Banks will not be able to charge default interest for loans on land affected by drought.
The value of land will be assessed by someone “independent of loan origination, loan processing and loan decision processes” — in other words, someone other than the bank your loan came from.
If you live in a remote area, and particularly if you’re not adept at using English, banks will be required to help you access and undertake your banking.
And there will be a national scheme for farm debt mediation. Mediation with “experienced agricultural” financial advisers will be offered as soon as a loan is classified as distressed.
4. IF YOU HAVE INSURANCE
It is often a struggle to get insurance companies to pay up.
Forgot to mention something seemingly insignificant when you signed up? That could be used against you when you make a claim.
Mr Hayne addressed this problem with a recommendation to “replace the duty of disclosure with a duty to take reasonable care not to make a misrepresentation”.
So as long as you haven’t misrepresented your medical history, you should be OK.
The onus will fall on the insurance companies themselves to get all relevant information from you when it sells you the insurance policy, instead of later penalising you for forgetting something seemingly insignificant.

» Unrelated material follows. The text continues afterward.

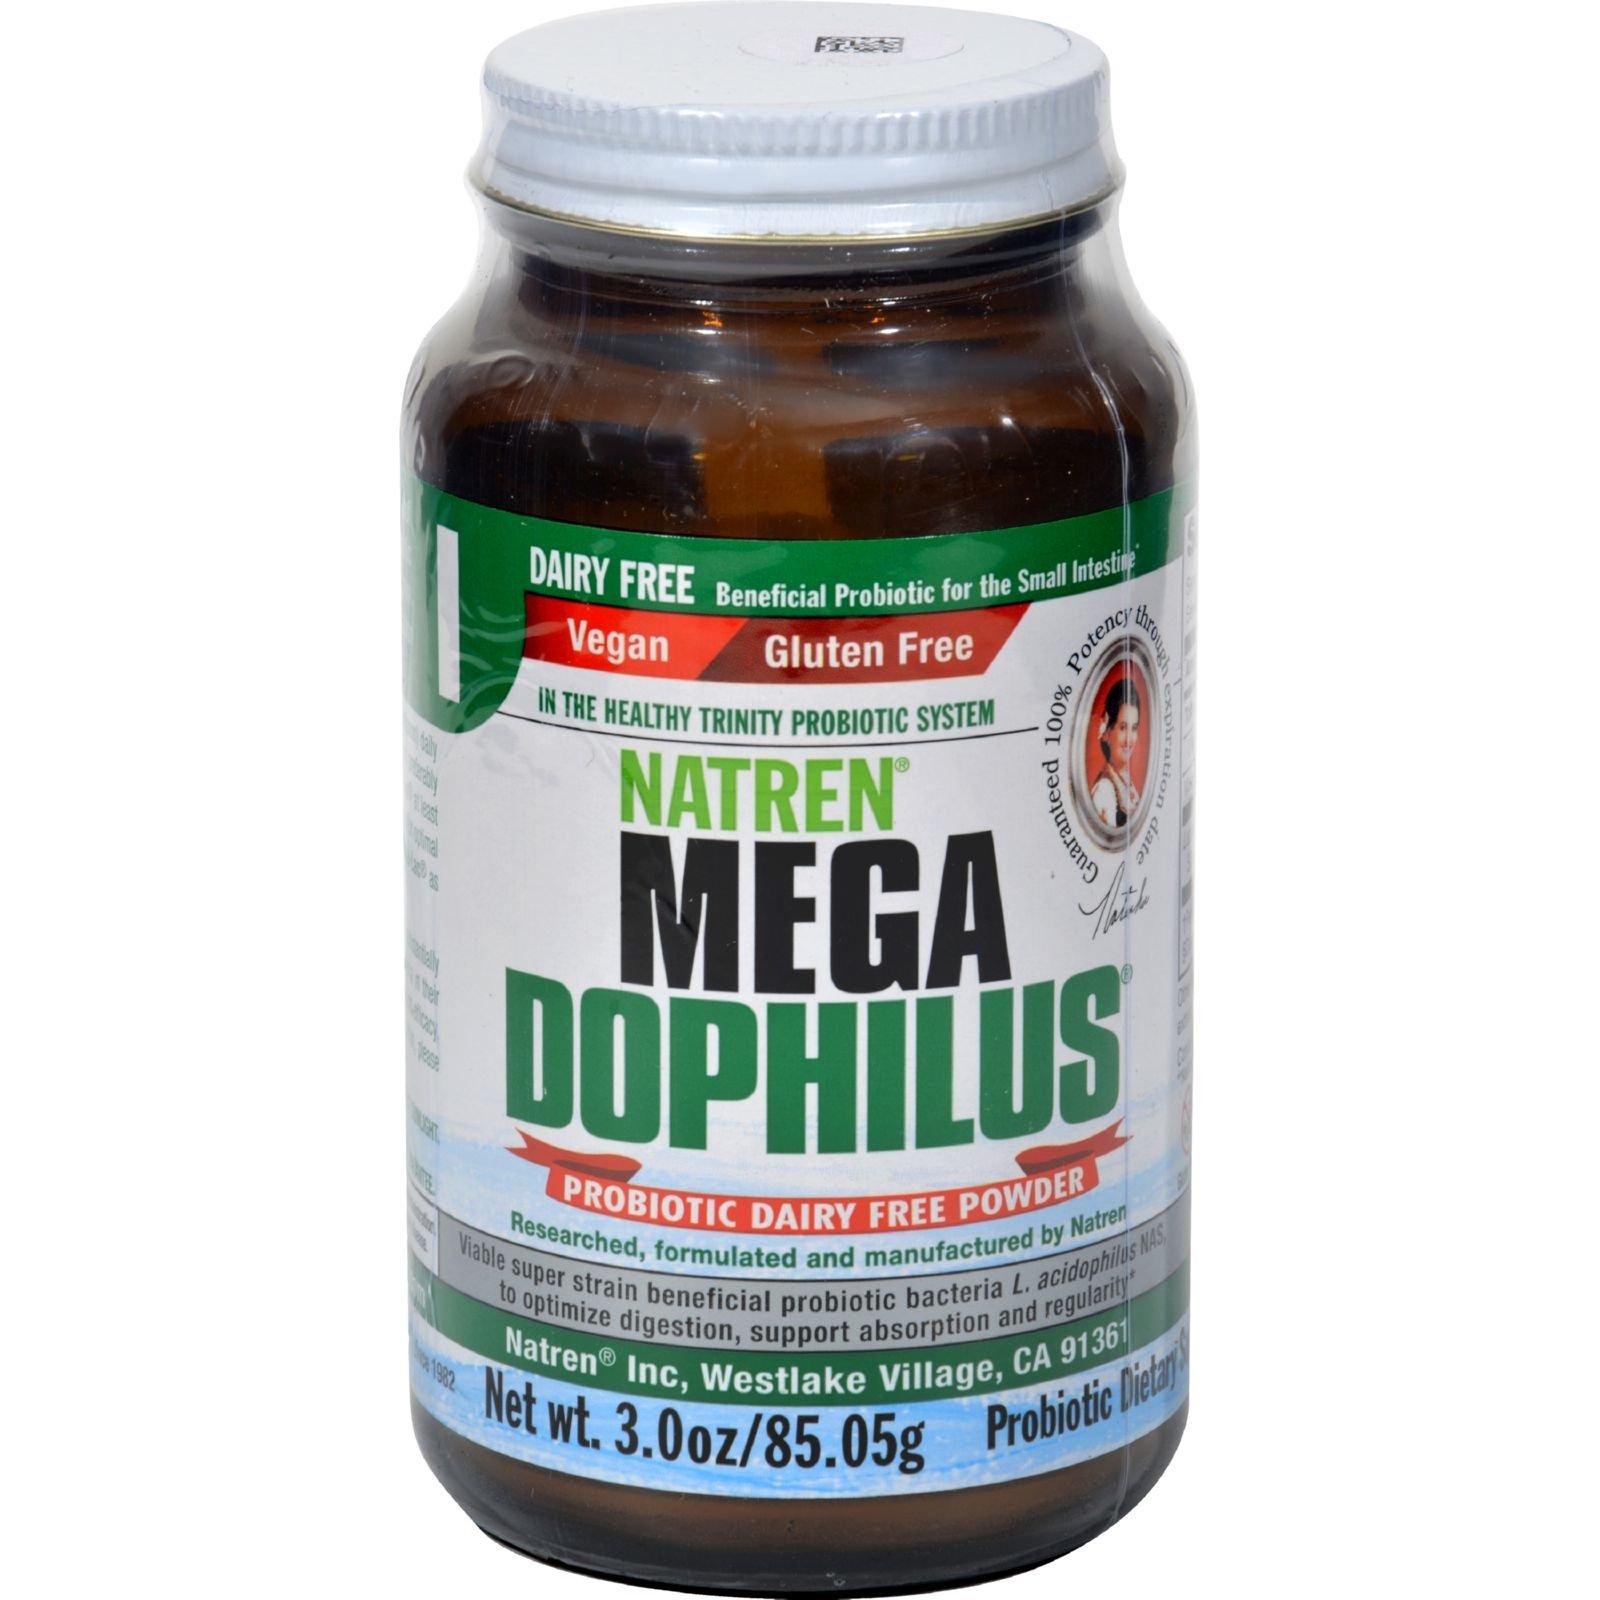 Natren Mega Dophilus - Probiotic Dairy -Free Powder - Vegan - 3 Ounce (Pack of 4)

We’ve already mentioned “hawking” of superannuation will be banned. The same thing will happen with insurance. So those annoying cold calls you hate so much will be a thing of the past.
5. IF YOU FALL VICTIM TO BANKING MISCONDUCT
If you are wronged by a financial institution and have a court or tribunal find in your favour, but the company fails to compensate you — if it goes bankrupt and can’t pay, for example — there will be a “compensation scheme of last resort” to help you.
The scheme will be funded by the financial industry.
Meanwhile, the government has committed to pay $30 million to 300 people and small businesses who are still owed money from past cases.